Transcription at a Drosophila H19 ICR transgene

To characterize the molecular function of the ncRNAs in the H19 ICR, we used a transgenic fly line carrying an H19 ICR transgene (Lyko et al, 1997). In this fly strain, expression of the eye colour reporter gene mini-white is controlled by the 3.8 kb H19 upstream regulatory element, including the H19 ICR. Flies carrying the H19 ICR transgene show a yellow eye colour, which indicates a partial silencing of mini-white. Using Drosophila genetics, we have previously identified a silencer element within the H19 ICR (Lyko et al, 1997). The H19 silencer represses transcription of reporter genes in Drosophila (Lyko et al, 1997). Deletion of the silencer from the endogenous mouse locus results in loss of silencing of the paternal H19 allele (Drewell et al, 2000). This indicates that the Drosophila transgene can uncover evolutionarily conserved regulatory elements of the mice H19 ICR. Here, we first investigated whether the Drosophila transgene recapitulates the transcriptional activity of the ICR at the endogenous locus.

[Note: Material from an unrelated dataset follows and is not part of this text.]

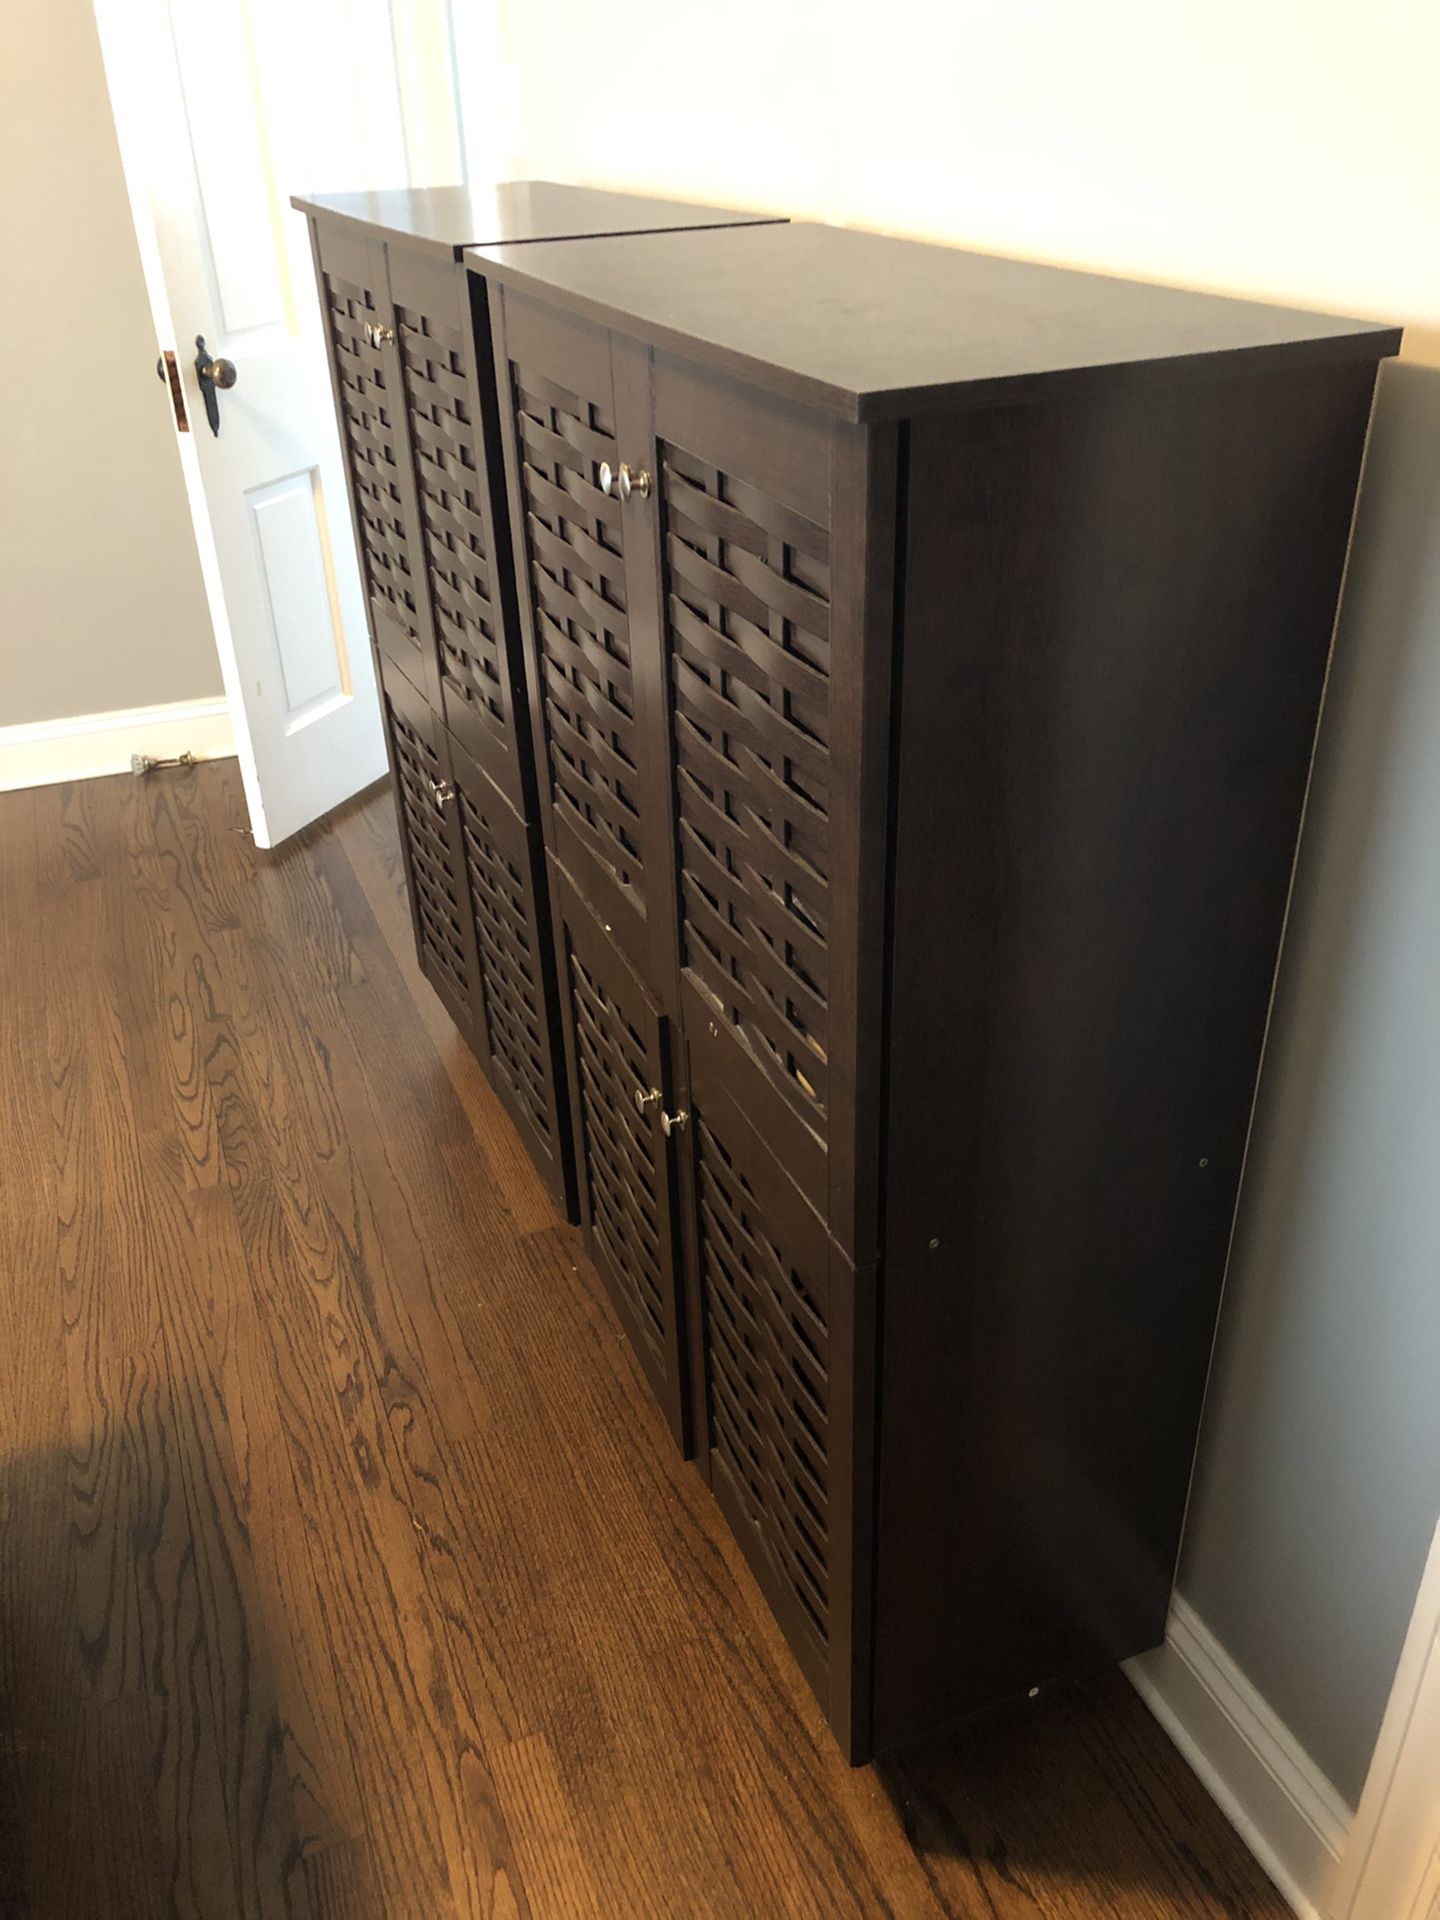 Cabinets for storage!

Indeed, we found that the H19 ICR is bidirectionally transcribed in H19 ICR transgenic Drosophila (supplementary Fig 2 online), mirroring the transcriptional activity at the endogenous mouse locus. The finding that both the silencing activity and the transcriptional status of the H19 upstream region are conserved between mice and transgenic Drosophila strongly indicates a common underlying epigenetic mechanism and enables us to use the Drosophila ICR transgene as a model system to study the molecular function of the non-coding H19 ICR transcripts.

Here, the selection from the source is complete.